Odwiozłem ją na lotnisko. Trzymałem ją mocno w objęciach aż do ostatniej chwili. Całowałem z myślą, że przez sześć miesięcy nie poczuję jej smaku i zapachu.

- Muszę już iść – szepnęła niechętnie.

- Wiem… - odparłem, nie wypuszczając jej z ramion.

- Będziesz czekał?

- Tyle, ile będzie trzeba – zapewniłem, patrząc w duże, smutne oczy.

- Kocham cię – pocałowała mnie ostatni raz.

Widziałem ją znikającą za szklanymi drzwiami.

Każdy dzień bez niej dłużył się w nieskończoność. Często rozmawialiśmy przez telefon i internet… Tylko tak mogłem ją widzieć i słyszeć choć przez chwilę. Koło północy rozmawialiśmy przez komunikator. Spojrzała na mnie z wesołym uśmiechem. Rozmowa nam się nie kończyła. Jednak Joanna była już zmęczona i śpiąca. Zaciekawiła mnie jeszcze pewna rzecz leżąca na drugim końcu łóżka.

- Co to jest tam za tobą?

Odwróciła się. Sięgnęła ręką i pokazała mi do kamerki koszulę w czerwono-szarą kratę.

- Twoja koszula – stwierdziła.

- A ja się jej tyle oszukałem – westchnąłem. – Po co ci ona?

- Pachnie tobą… Kiedy mam gorszy dzień, patrzę na nią i od razu dobrze się czuję. Poza tym… Lepiej mi się przy niej zasypia – uśmiechnęła się uroczo.

Rozczuliło mnie to.

- Kocham cię – stwierdziłem.

- Ja ciebie też.

Nawet nie wiem, kiedy Joasia przyłożyła głowę do poduszki i zasnęła. Wyglądała naprawdę słodko… Taka niewinna, bezbronna i beztrosko wtulona w moją ulubioną koszulę. „Ehhh… Asia, Asia”, westchnąłem.

W sobotni wieczór siedziałem w domu Aśki razem z jej bratem – Mirkiem i dwoma kolegami.
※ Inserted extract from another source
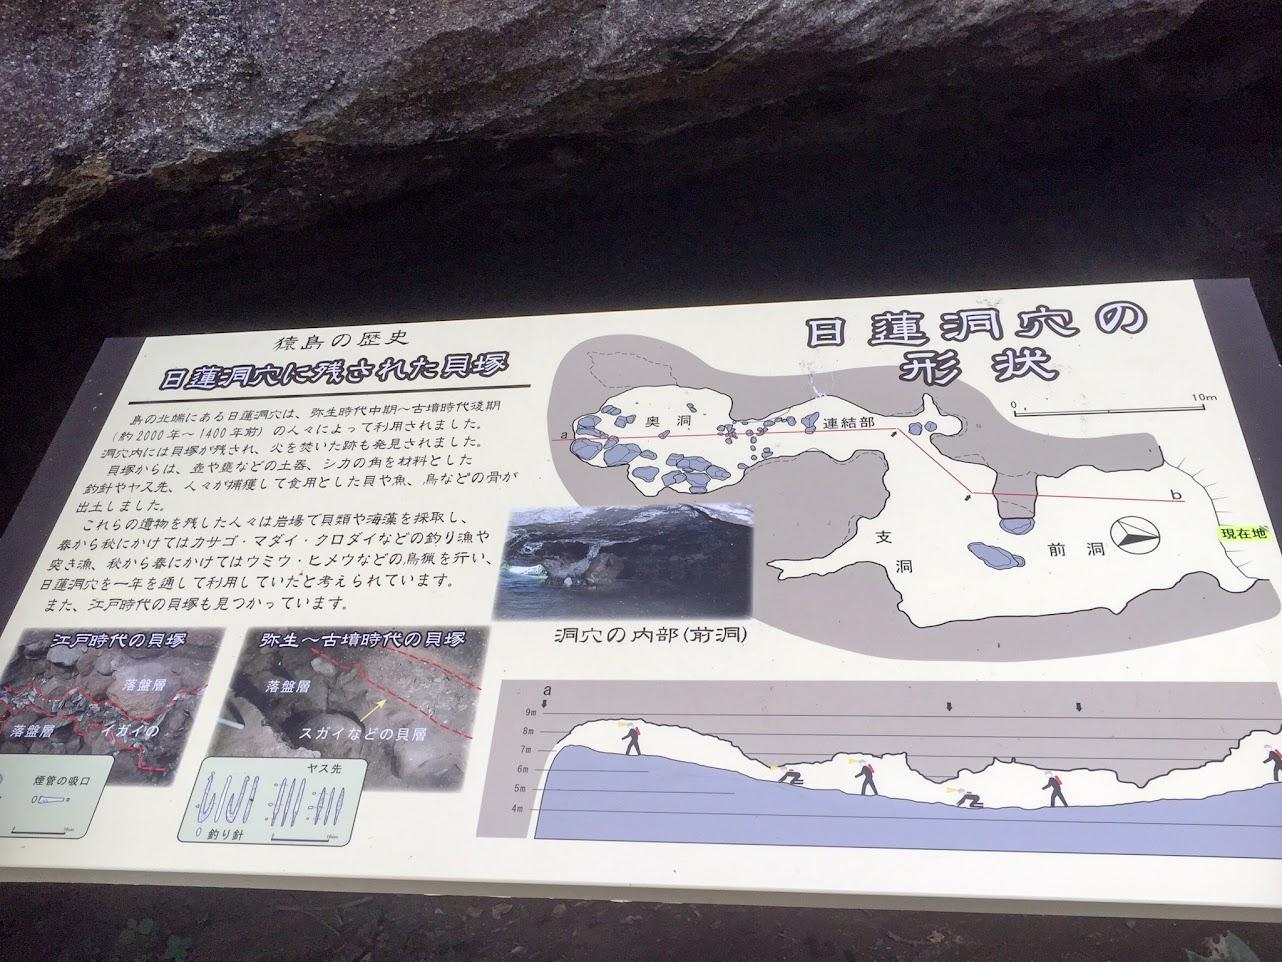 日蓮洞穴について

Jedliśmy pizzę i przepijaliśmy ją mocnym alkoholem.

- Jak tam twoja Joanna? – zapytał Bartek.

- Aktualnie jest w Londynie na wymianie studenckiej – wyjaśniłem.
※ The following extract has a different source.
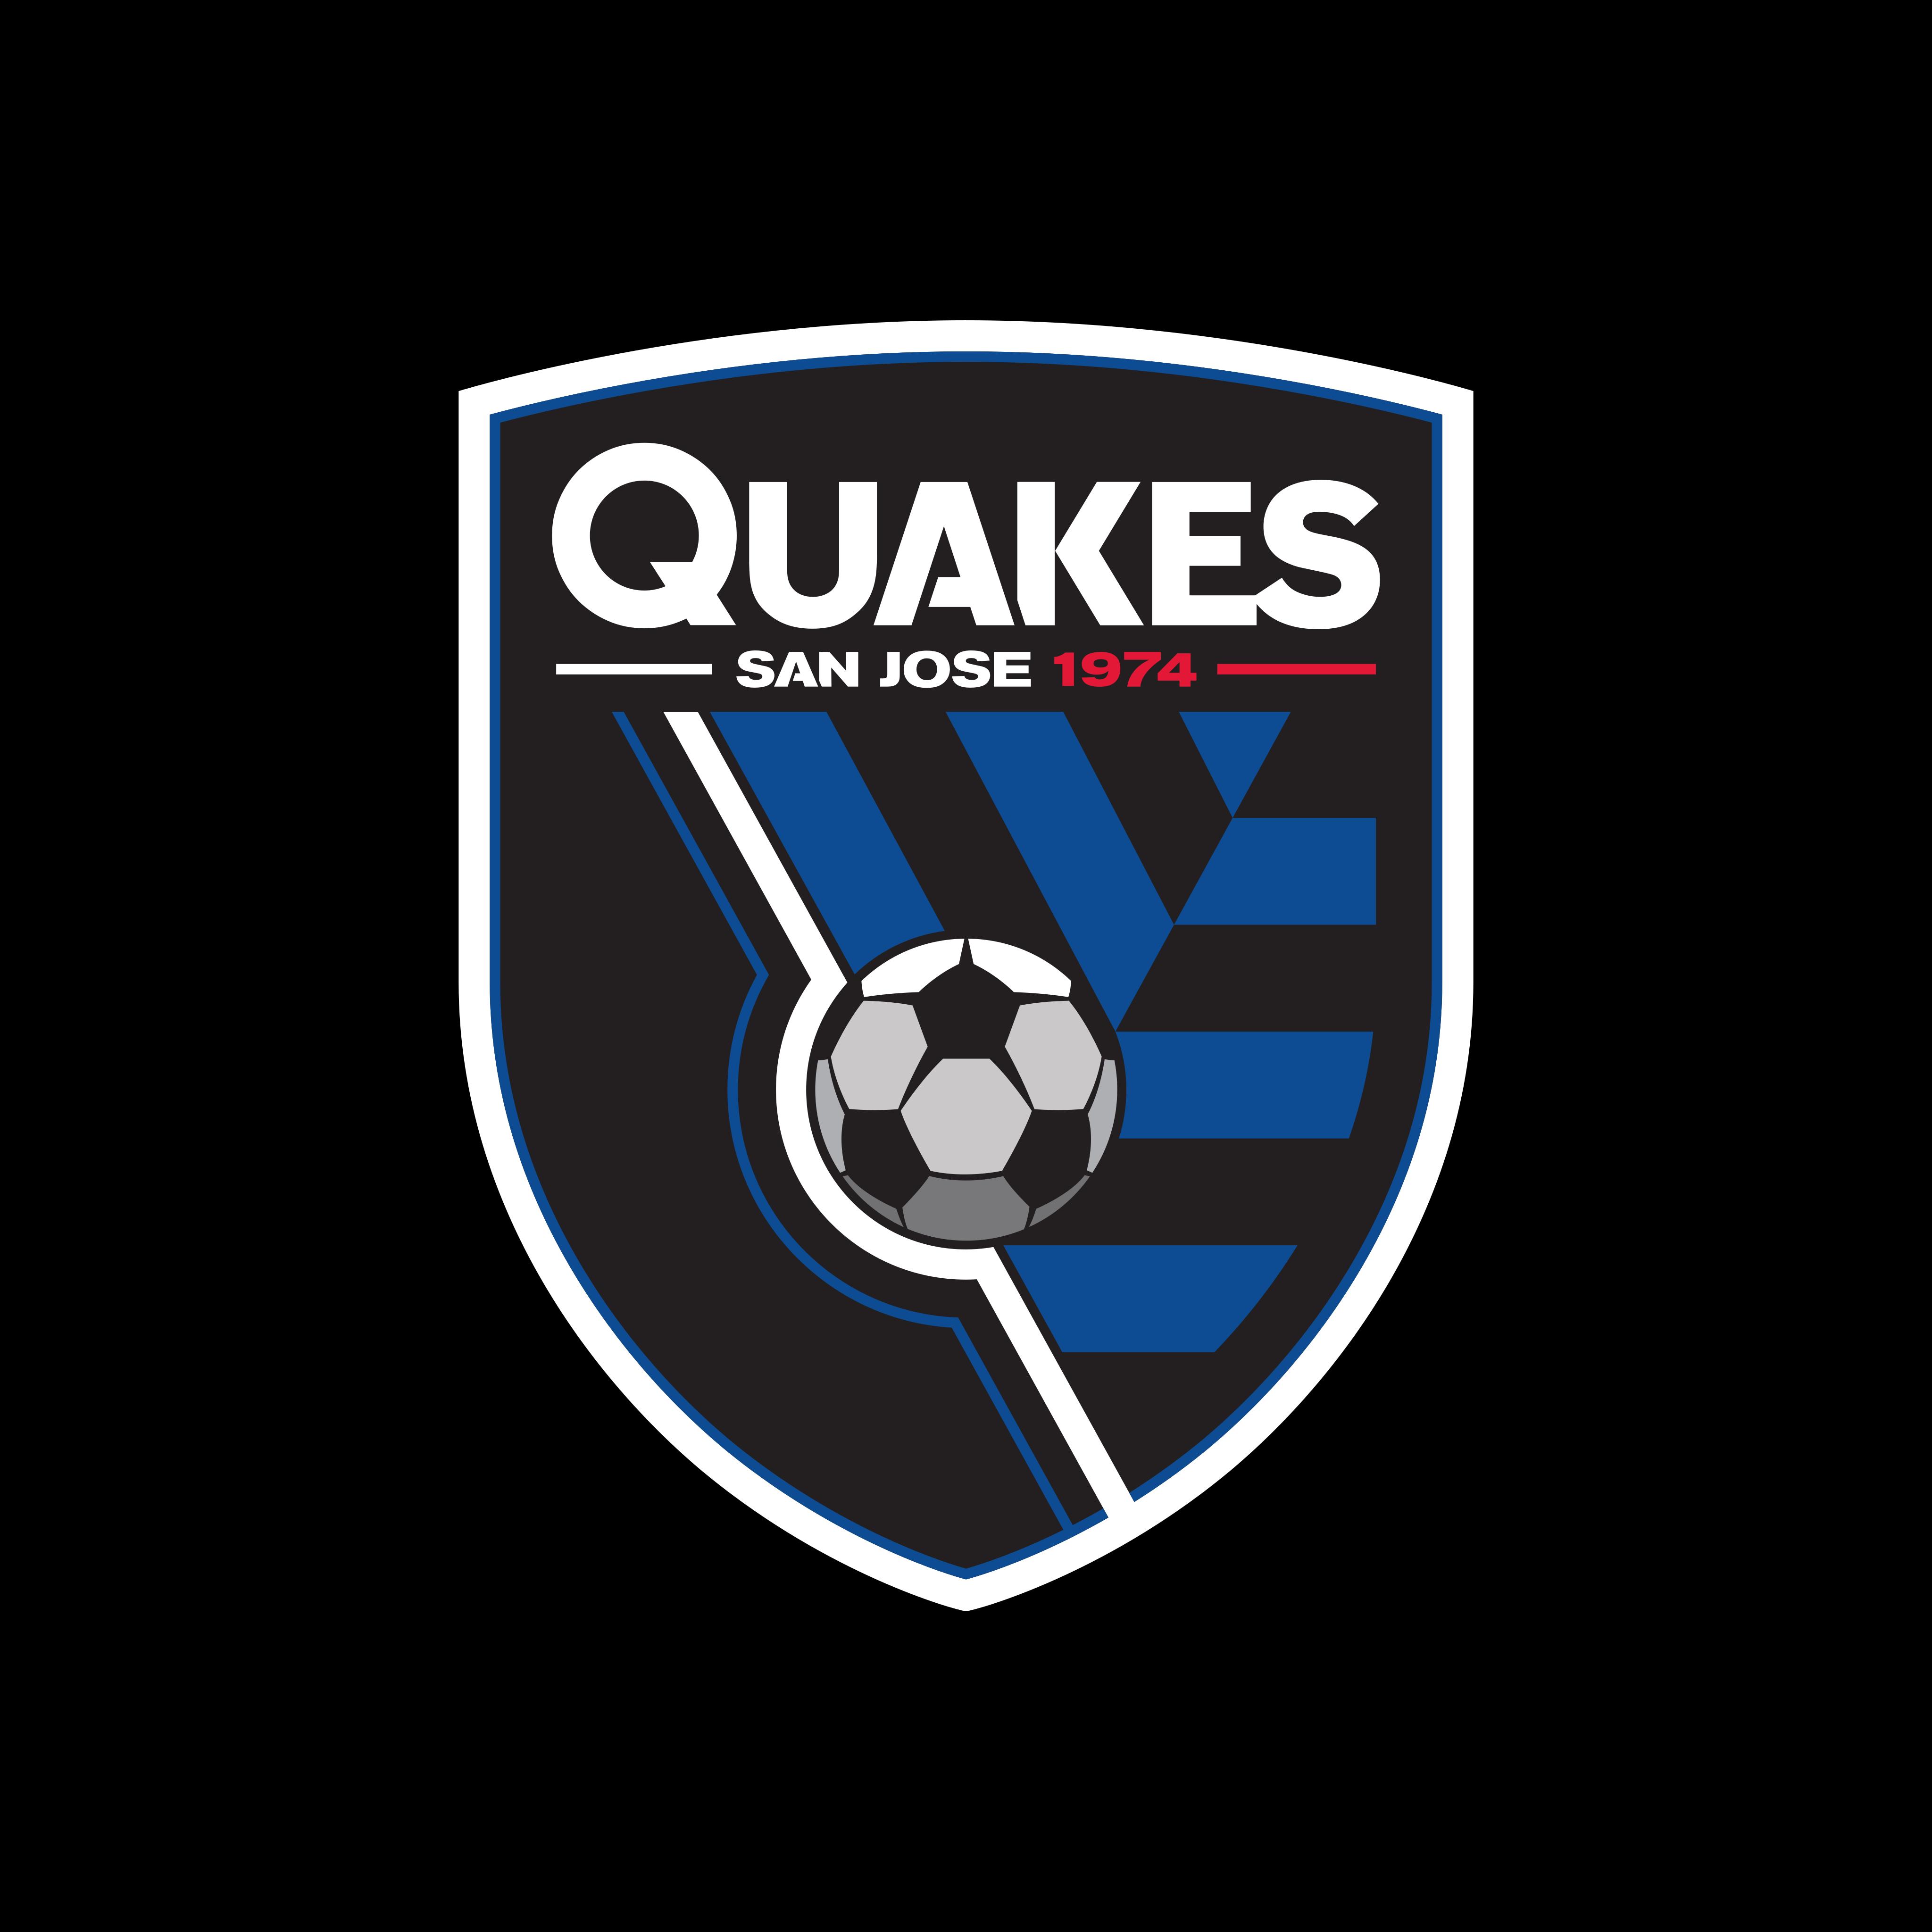 san jose earthquakes logo 0 - San Jose Earthquakes Logo

- Zostawiła cię samego? To się nazywa zaufanie…

- Ty, ile się będziesz jeszcze musiał bawić w jednorękiego bandytę? – dopytywał z głupim uśmieszkiem Kamil.

- Jeszcze tydzień – odparłem.

- Po jej powrocie łóżka nie połamcie – zaczął się śmiać.

- Asia ma mocne łóżko. Ewentualnie w razie potrzeby jest jeszcze biurko, stół, prysznic, w skrajnych przypadkach podłoga… Jest wiele możliwości…

- A oprócz seksu, to ona jest ci do czegoś potrzebna? – Mirek spojrzał na mnie podejrzliwie.

- Pewnie, że jest potrzebna.

- Czyżbyś chciał klękać przed nią?

- Nie wiem… Kiedyś nawet o tym poważnie myślałem, ale wszystko tak szybko się skomplikowało. Teraz jeszcze ten wyjazd…

- No, ale chyba ją kochasz? – dążył Mirek.

W pełni rozumiałem insynuacje Mirka. W końcu to jej starszy brat. Zawsze była dla niego bardzo ważna. Pierwszy wiedział o wszystkim, co się działo między mną a Joasią. A przynajmniej dużą tego część… Nic dziwnego, że chciał wiedzieć, jakie mam plany, co do niej.

- Kocham, owszem… Sam jesteś żonaty i dobrze wiesz, że ślub to nie jest taka prosta sprawa.

- Wiem, wiem… Tak tylko pytam.

Nagle zauważyłem, że Mirek i Bartek, siedzący na wprost mnie, zaczęli się głupkowato uśmiechać. Poczułem, jak ktoś dłońmi zasłonił mi oczy. Było oczywiste, że to nikt inny jak Joanna.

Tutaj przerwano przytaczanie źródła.